Given information:
= = = = = = =

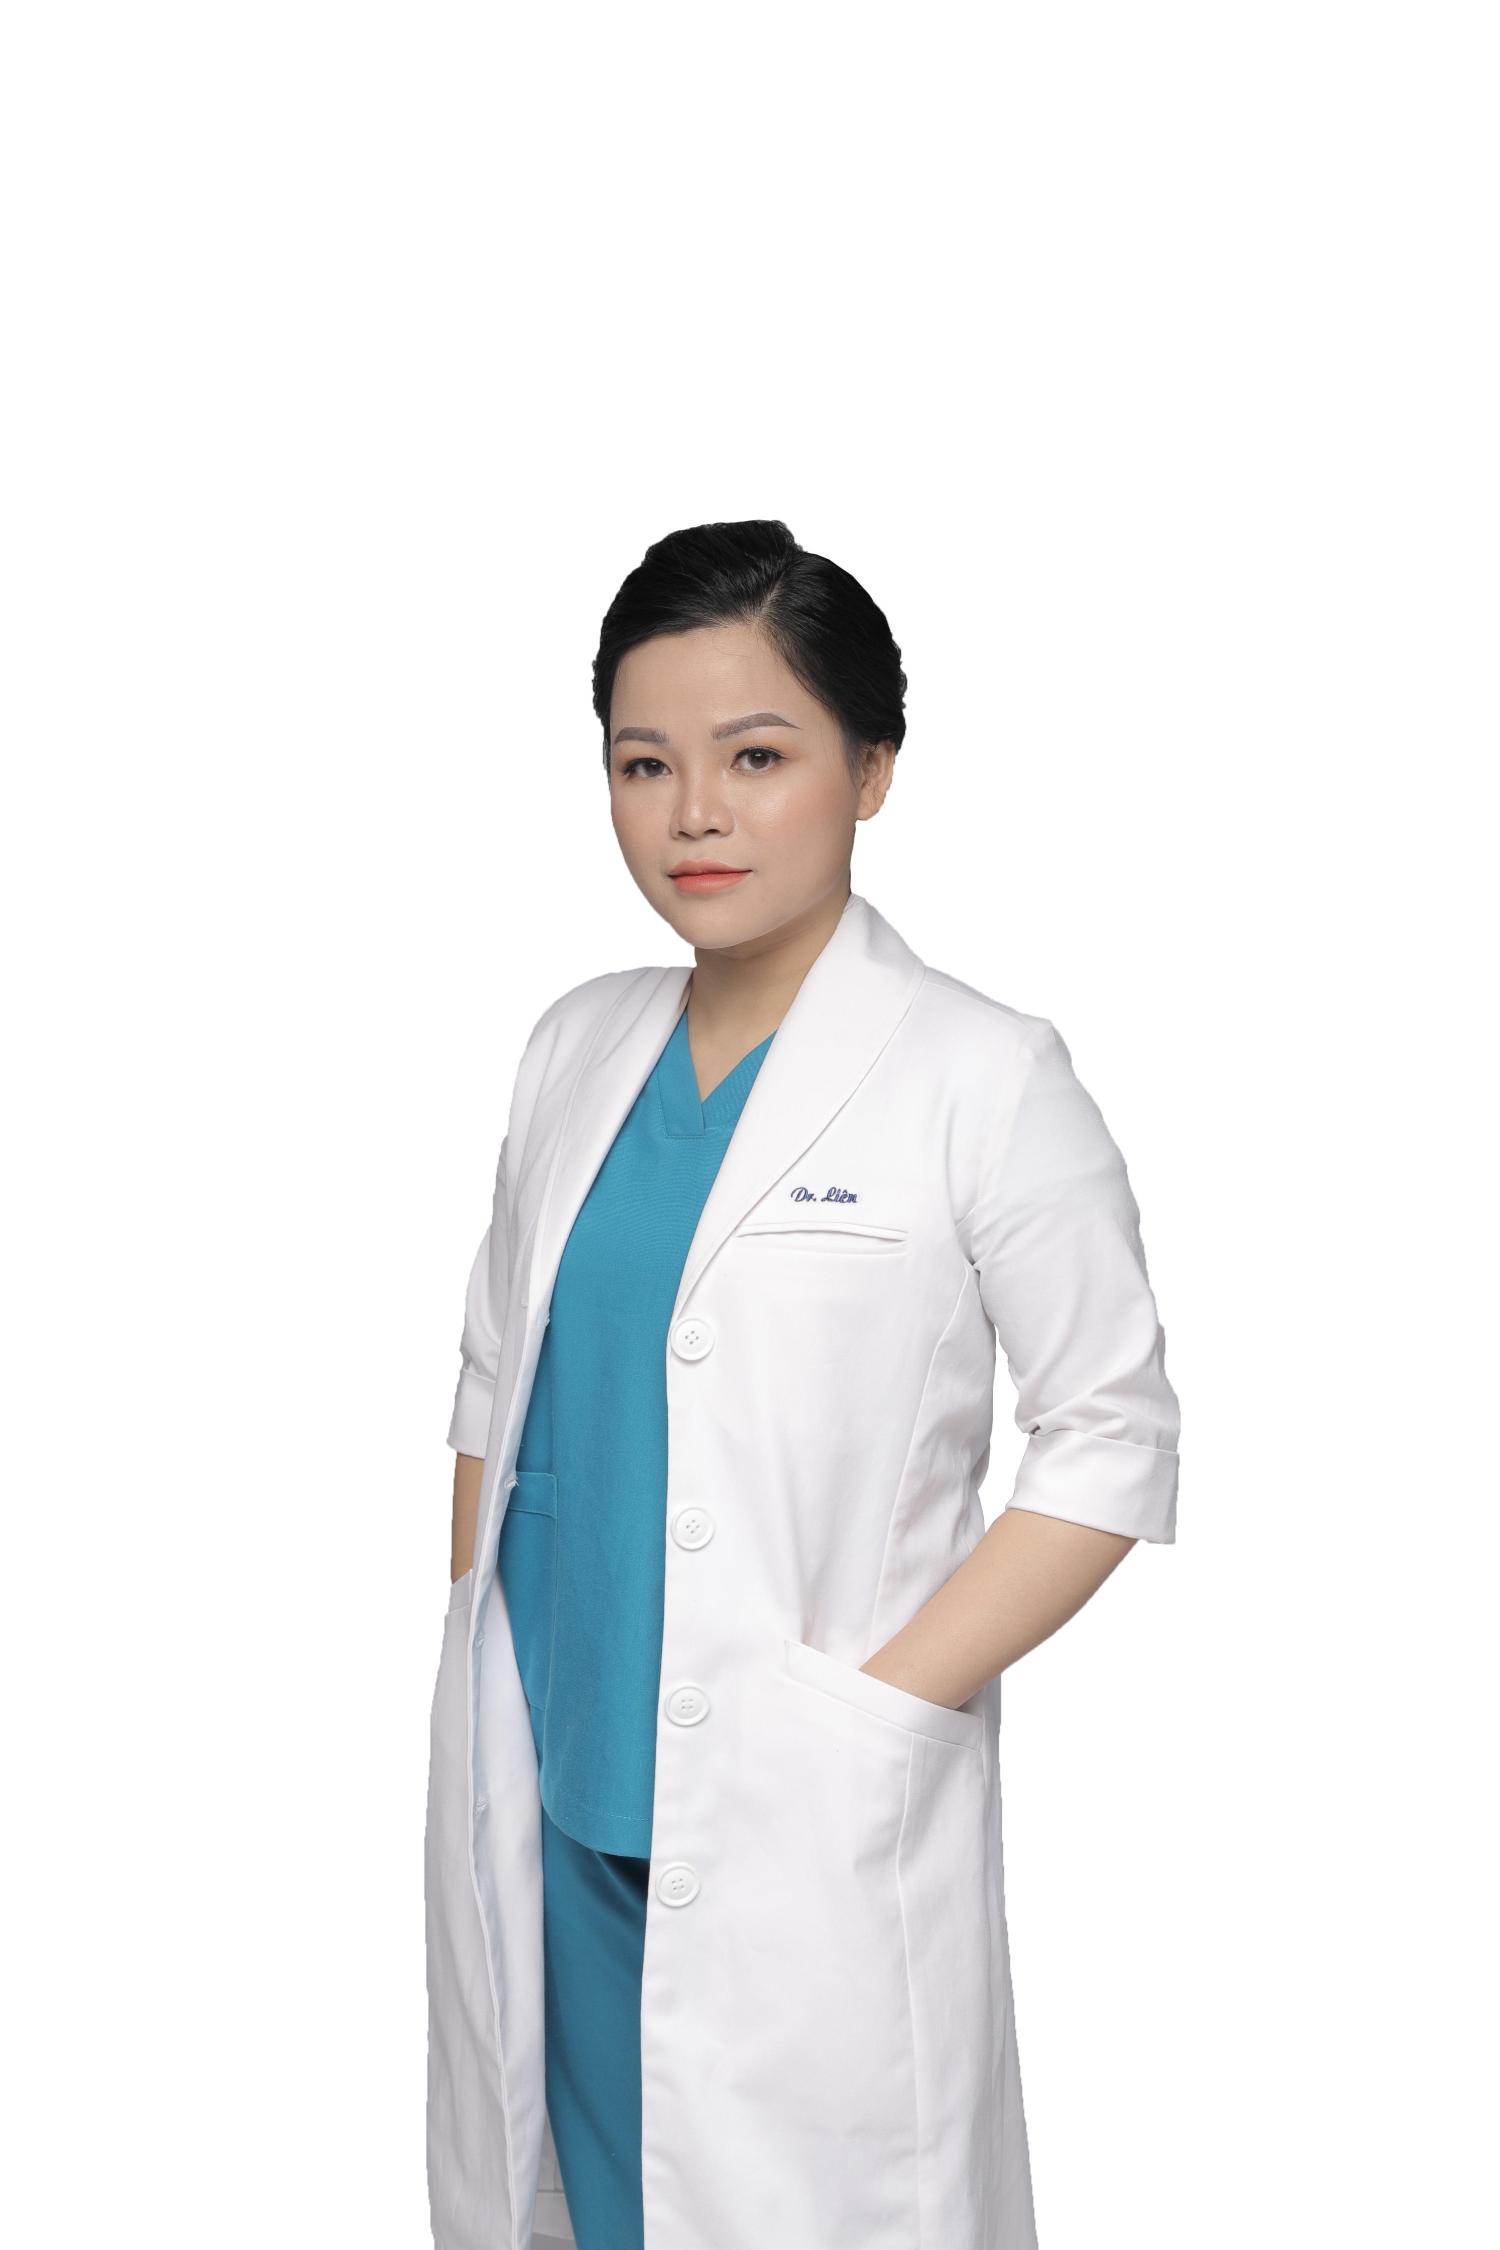 Dr.Trần Thị Liên
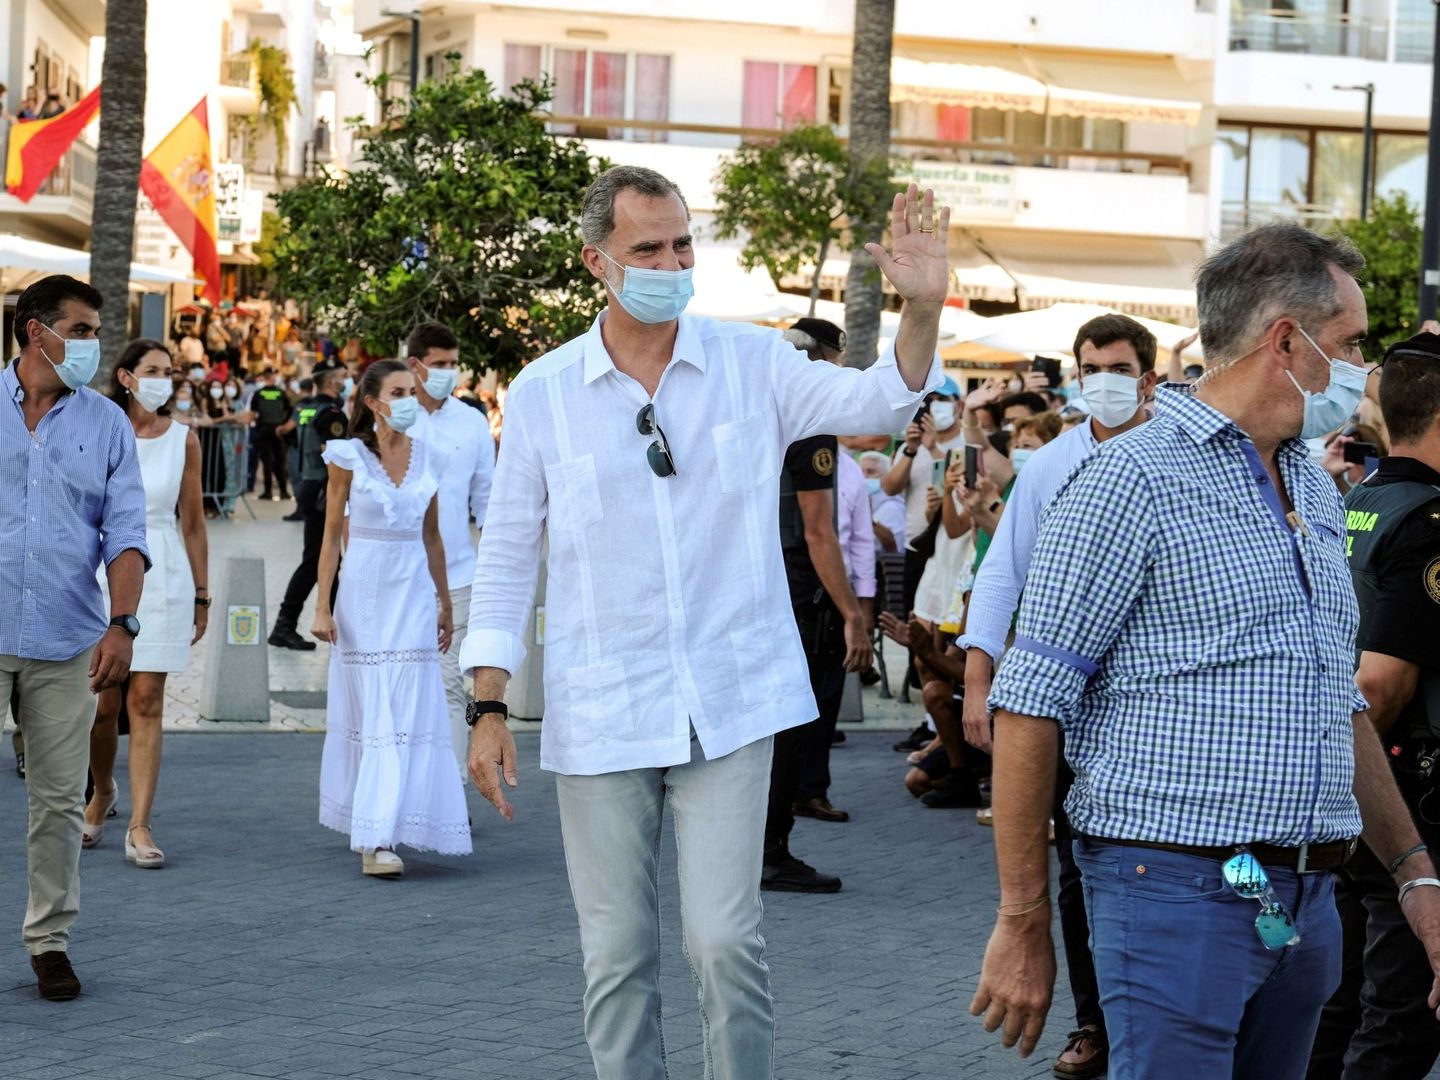 El rey Felipe VI saluda a los lugareños durante la visita real al municipio de Sant Antoni de Portmany, Ibiza, este verano. (EFE)
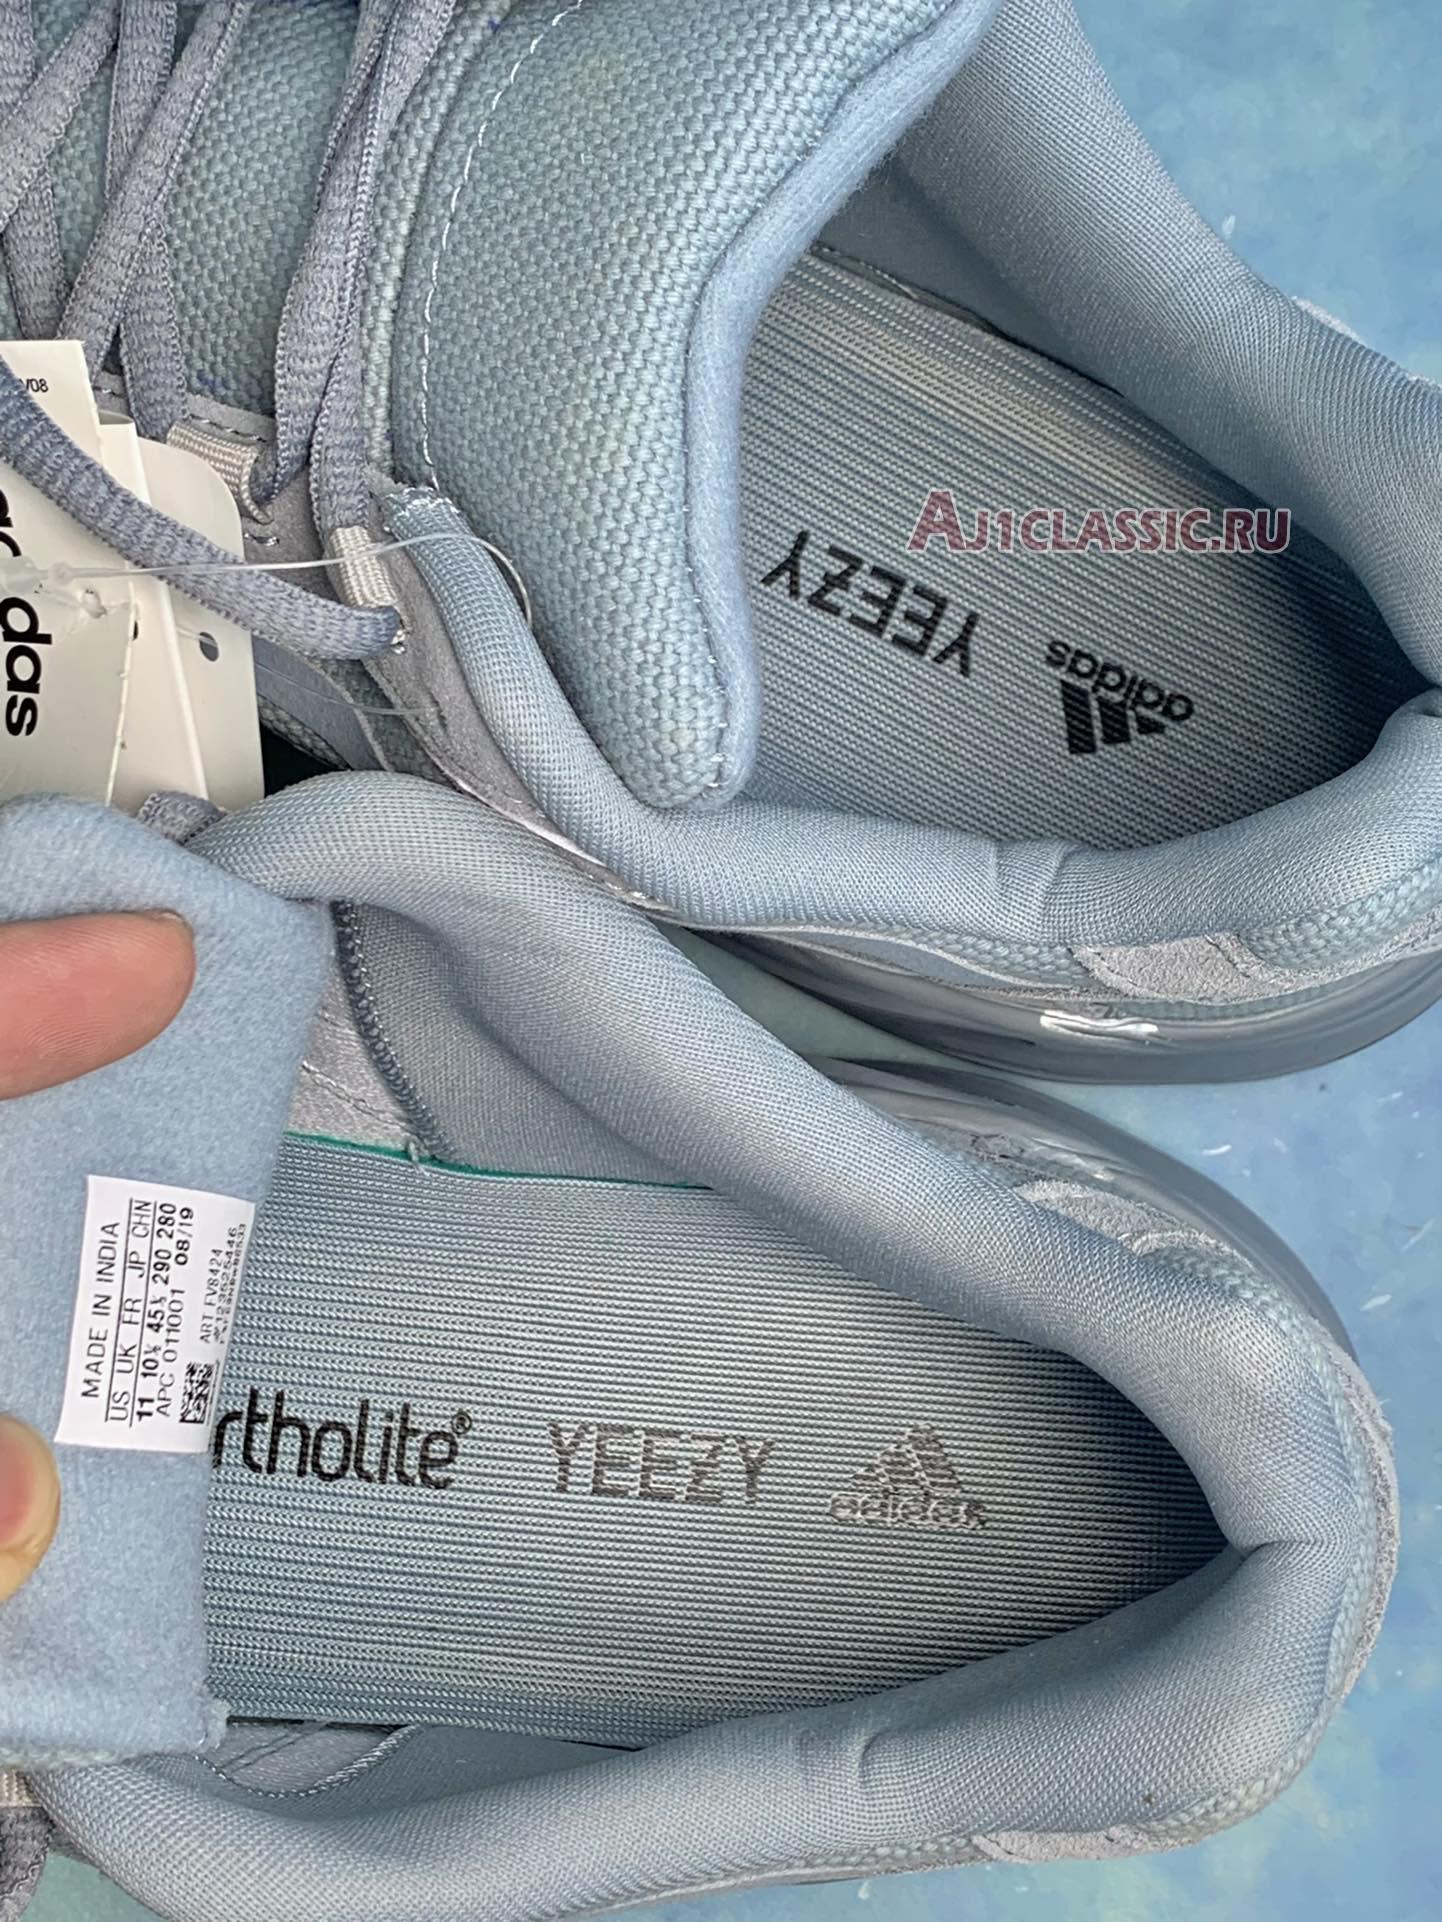 Adidas Yeezy Boost 700 V2 "Hospital Blue" FV8424-2

= = = = = = =

Write out the material above precisely, leaving each picture behind.

Exercise result:
 Dr.Trần Thị Liên
 El rey Felipe VI saluda a los lugareños durante la visita real al municipio de Sant Antoni de Portmany, Ibiza, este verano. (EFE)
 Adidas Yeezy Boost 700 V2 "Hospital Blue" FV8424-2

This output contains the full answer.